Moreover, a living trust is a legal document that involves the management of an individual’s assets if incapacitated. Given that, a living will and a living trust are different as they deal with different aspects. While a living will outlines the medical decisions of the individual, a living trust details the management of their assets. When the individual is incapacitated, the trust becomes the owner of the individual’s assets.
In a living trust, the individual appoints a trustee or a person capable of managing the assets. Besides, living trusts end on the death of the individual.
What is power of attorney?
A power of attorney, also called the POA, is a legal document that authorizes a designated person to make decisions for someone else. The individual is called the principal, and the designated person is the agent or attorney-in-fact. Moreover, depending on the type of power of attorney, the agent may have a broad or limited scope. The principal transfers the authority to the agent, either on a temporary or permanent basis, to make either general, financial, or medical decisions on the principal.
The principal can opt for a power of attorney in case of illness or if the principal is living overseas and cannot be available to sign the documents themselves. Furthermore, you can obtain a POA online or through a lawyer. A POA can end on the principal’s death if it is invalid or the agent cannot carry out the responsibilities.
1. General power of attorney
A general power of attorney bestows the agent with broad powers, including financial and real estate decisions. Above all, a power of attorney ends when the principal is incapacitated.
2. Durable power of attorney
Unlike a general POA, a durable power of attorney is pertinent when the principal is incapacitated.
3. Medical power of attorney
A medical power of attorney authorizes a designated person to make medical decisions on the principal’s behalf when the latter cannot do so. Moreover, the agent can make decisions related to medications and procedures like hydration and tube feeding. Also, making arrangements for future assisted living, nursing home, and rehab care.

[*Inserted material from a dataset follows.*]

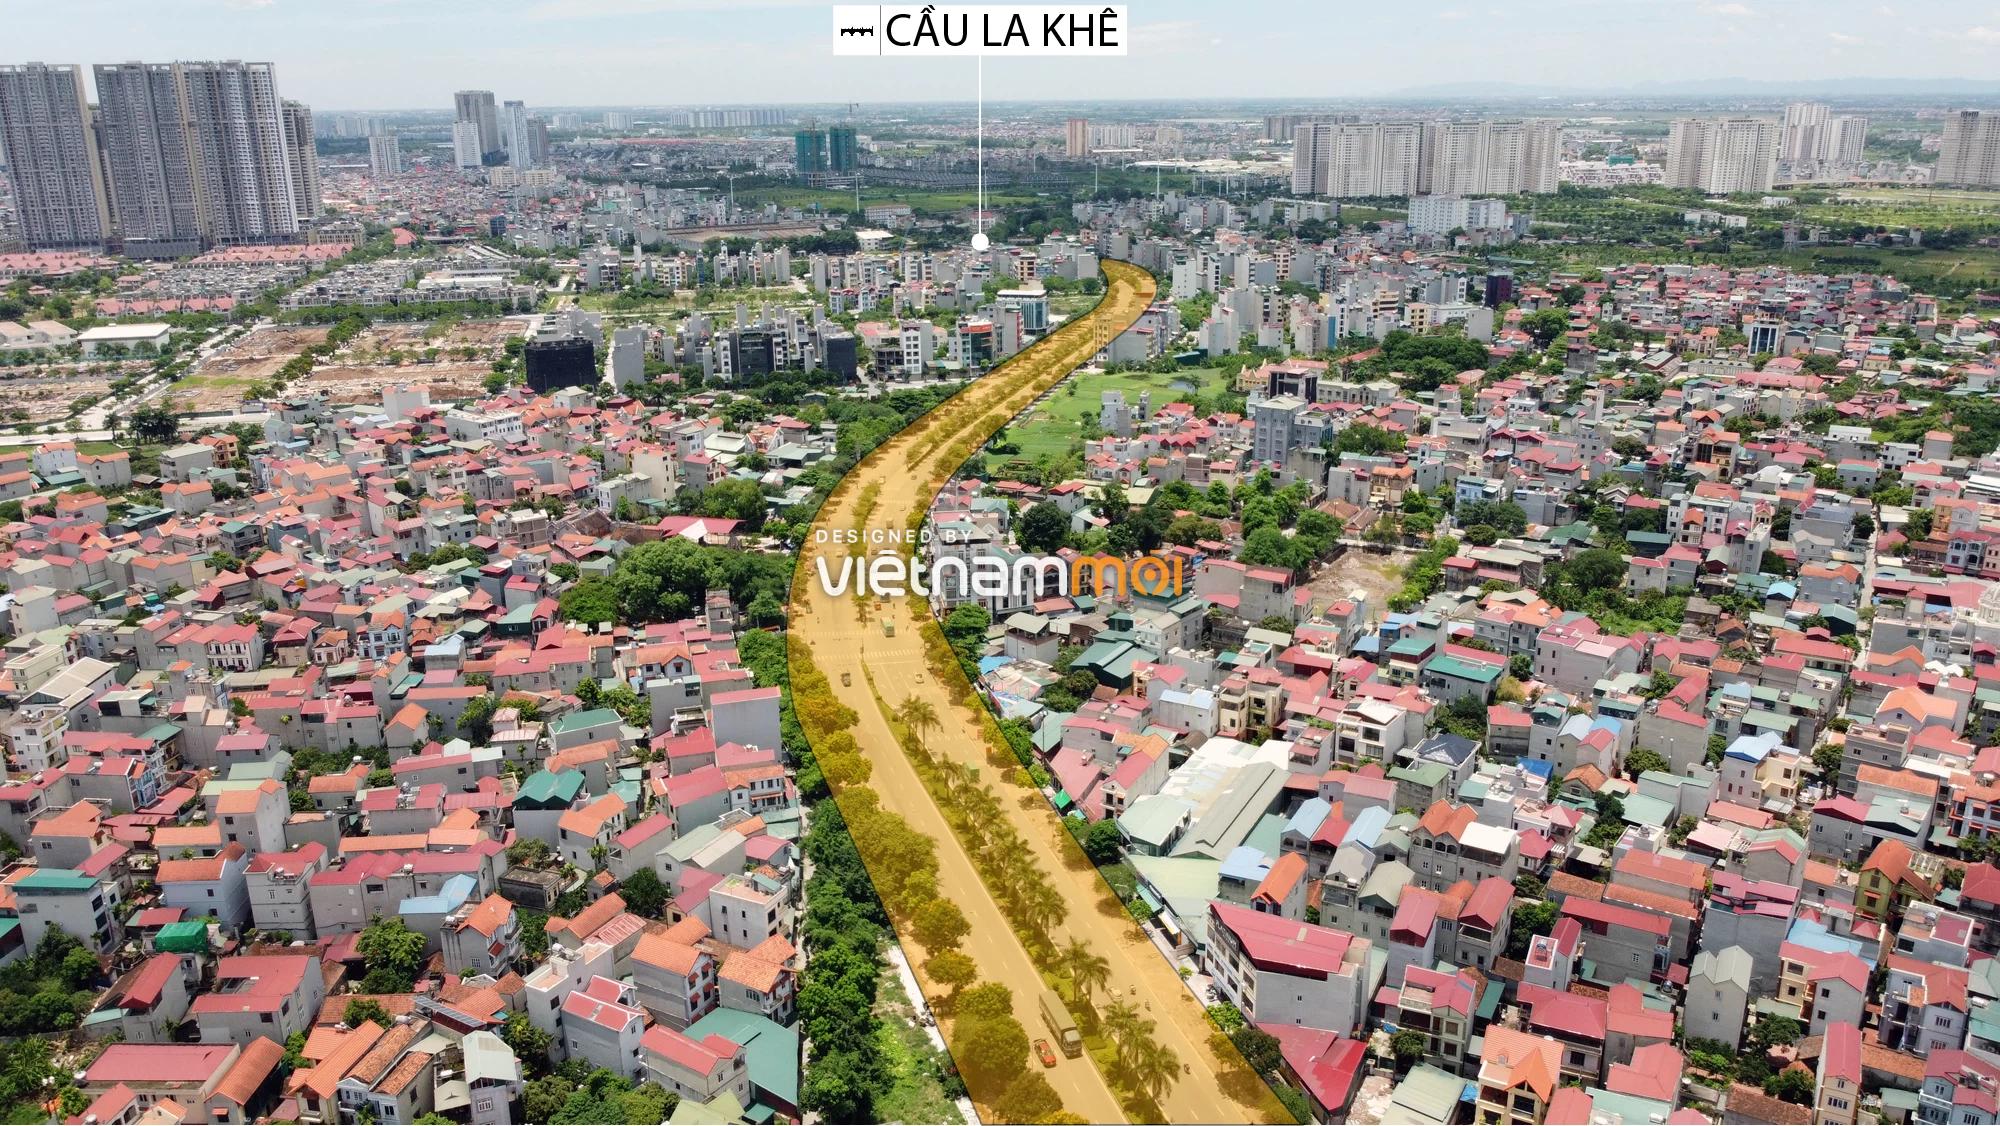 Đường Vành đai 3,5 sẽ mở theo quy hoạch qua quận Hà Đông, Hà Nội - Ảnh 4.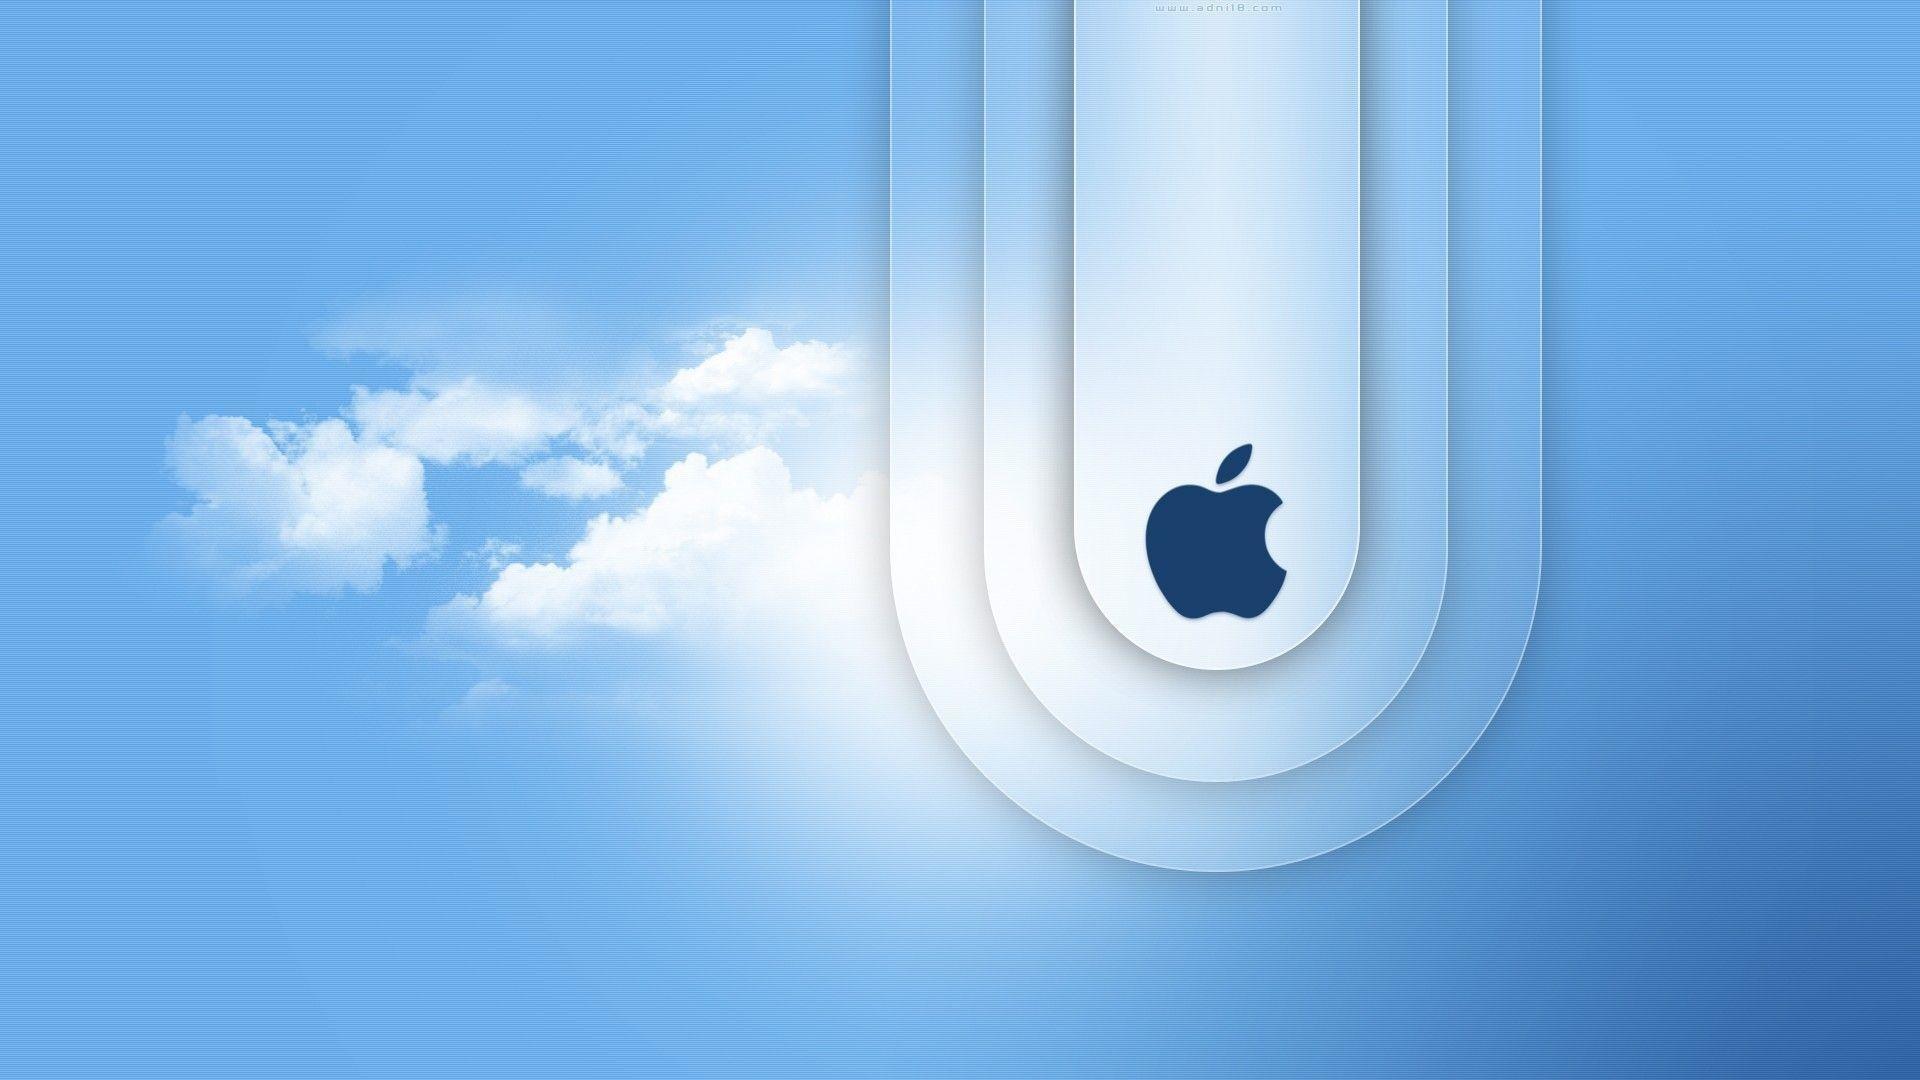 Macbook Air wallpaper – 1315894

4. Financial power of attorney
A financial power of attorney assigns financial powers to the agent and makes decisions on behalf of the principal. Furthermore, the agent can manage bank transactions, add or change beneficiaries, sign checks, collect and settle debts, pay bills, and file tax returns.
Importance of power of attorney
- As financial and medical power attorneys are defined in the document, it renders peace of mind to your and your loved ones.
- The durable power of attorney is still applicable when the principal is incapacitated. Hence, a POA helps to plan your future well in advance in the face of uncertainty.
- Moreover, POA helps to secure your assets from third parties as you authorize the agent to handle bank transactions and real estate, pay bills, and collect debts from creditors.
Power of attorney or living will? What do you need?
If you have a detailed plan enlisting your healthcare preferences or are suffering from a severe illness, you should create a living will. On the other hand, if you aren’t specific about your medical preferences, then creating a power of attorney is a feasible option. A living will and power of attorney benefit an individual, as it helps someone else to make decisions and perform their duties on your behalf, even if you are incapacitated.
Also, a combined advanced directive – a combination of a living will and a power of attorney is an excellent option to include in your estate plan. Moreover, the document outlines your end-of-life decisions and a designated person to make your decisions.
Can a power of attorney override a living will?
No, a power of attorney cannot override a living will unless the principal exclusively gives the POA the authority to override the Will. So, the agent must always act in the interest of the principal.
The discussion of living will vs. power of attorney is subjective. Moreover, deciding between a living will or power of attorney depends on your preferences and plan. So, there isn’t a predetermined solution that answers individual queries. Hence, you should assess your requirements and plan for either of these options or a combined advance directive(that includes both).